Subject: sorting with -u and -k
From: Joost Helberg <joost at s n o w . n l>
To: mike at g n u . o r g, eggert at t w i n s u n . c o m
Date: Thu, 24 Jan 2008 13:50:56 +0100 (CET)
X-Mailer: Mew version 5.2 on Emacs 23.0.0 / Mule 6.0 (HANACHIRUSATO)
Hi,
I'm not sure whether I tripped over a bug in sort or my mis-expectation of
it's behaviour.
In coreutils-6.9, sort.c contains (from line 2078 onwards):
/* If uniquified output is turned on, output only the first of
an identical series of lines. */
if (unique)
{
if (savedline && compare (savedline, smallest))
{
savedline = NULL;
write_bytes (saved.text, saved.length, ofp, output_file);
}
if (!savedline)
{
The function `compare' is called to tell whether to output a line in
case -u is used.
This function `compare' compares keys first in case -k was used.
This means that, given options '-t: -k2 -k3' the following lines
compare equal:
foo:1:2
oof:1:2
hence, the oof-line doesn't appear in case -u was used.

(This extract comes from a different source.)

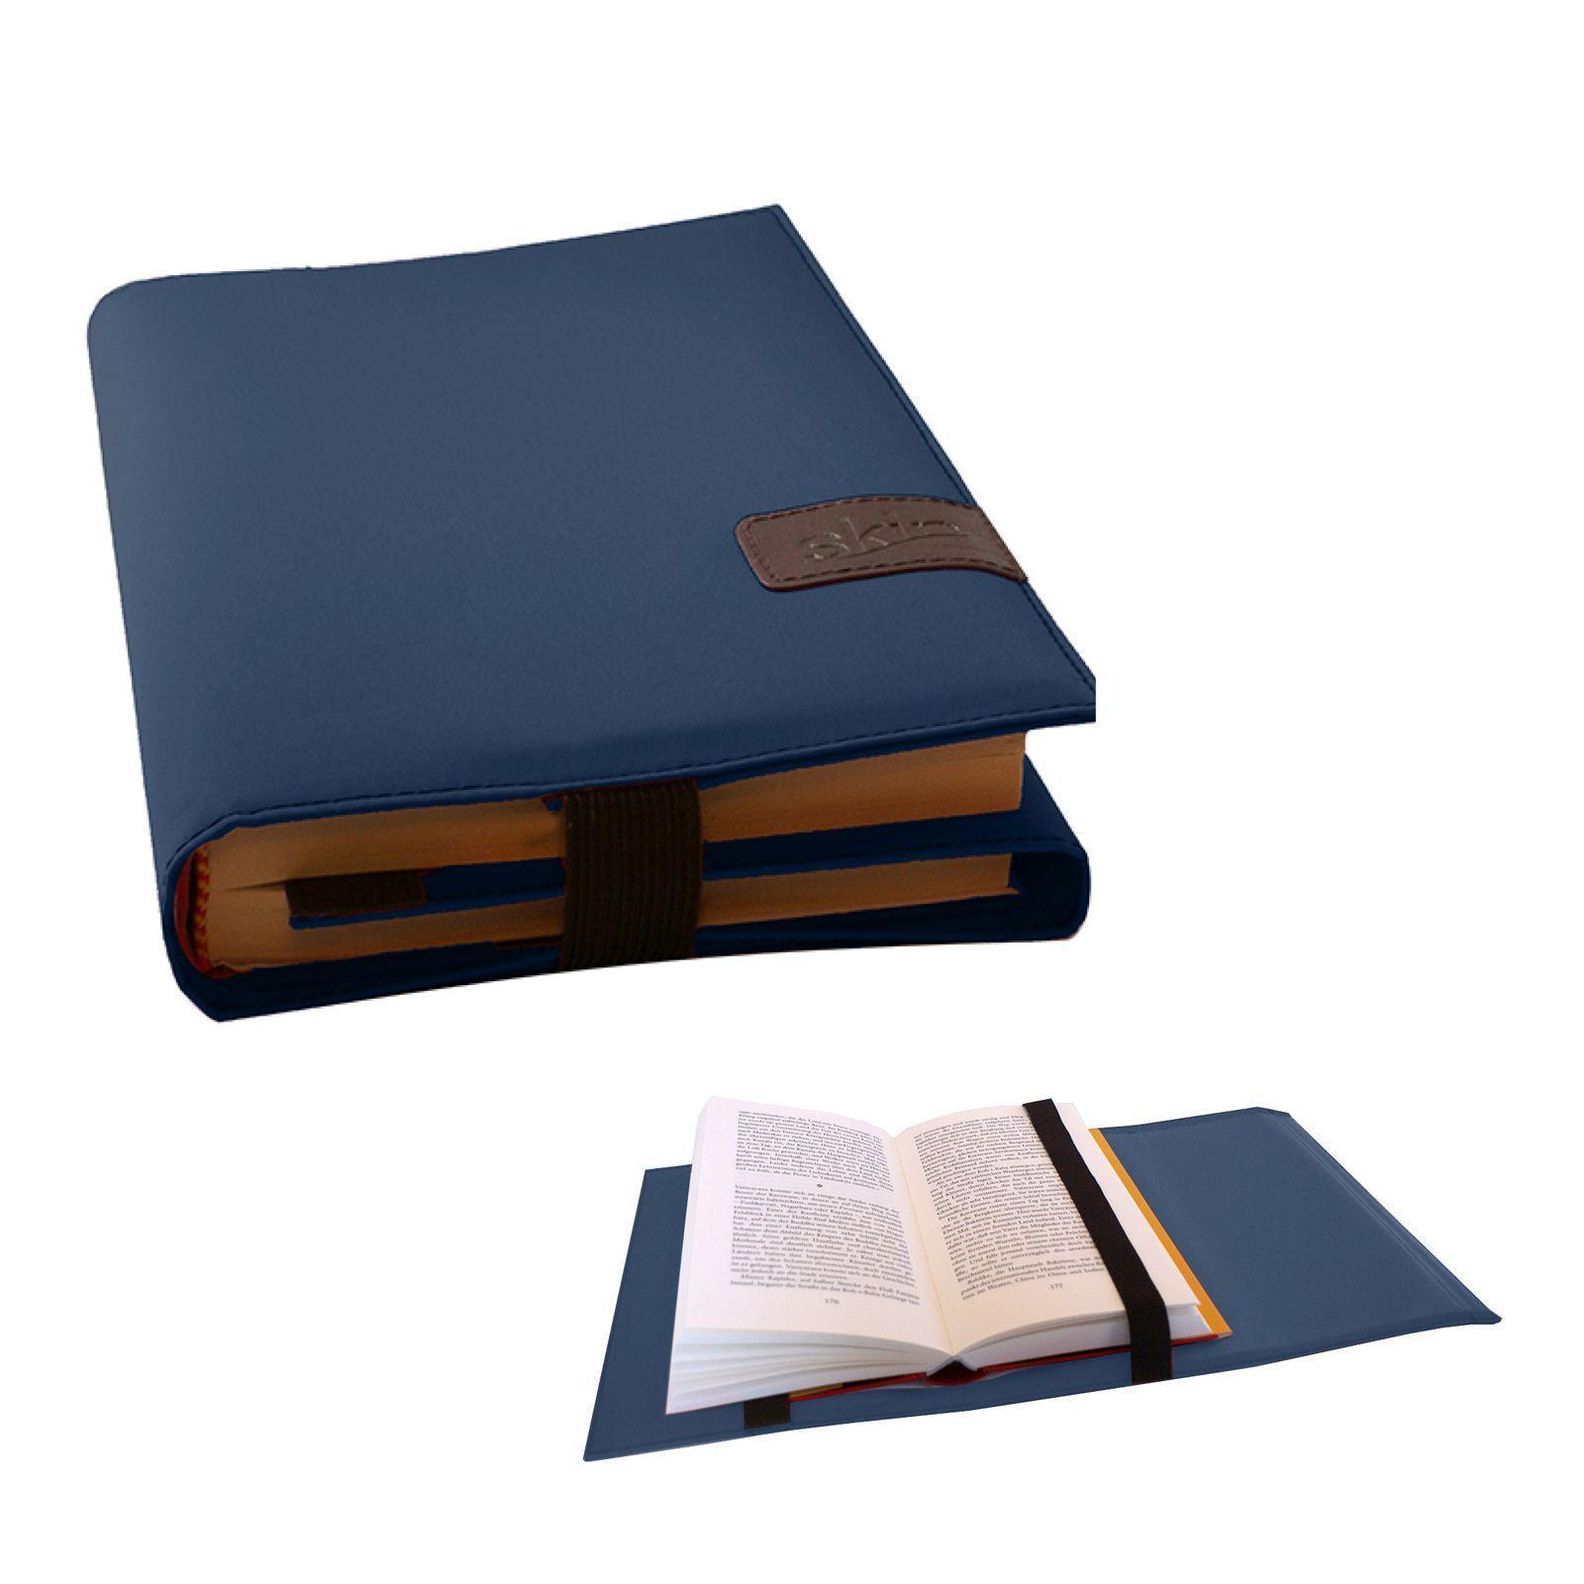 BookSkin Multifunktionshülle marine-blau, Buchhülle | Weltbild.de

This strikes me as a surprise, I expected that these two lines would
compare as non-equal. I cannot find any explicit reference in the
manual indicating this as correct behaviour (only one example is
given: -n).
Please consider my arguments and please let me know why I'm wrong (or
not of course). I'm happy to write code which implements my
expectations.
Many regards,
Joost, CTO Snow B.V.
--
Snow B.V. http://snow.nl Tel 0418-653333 Fax 0418-653666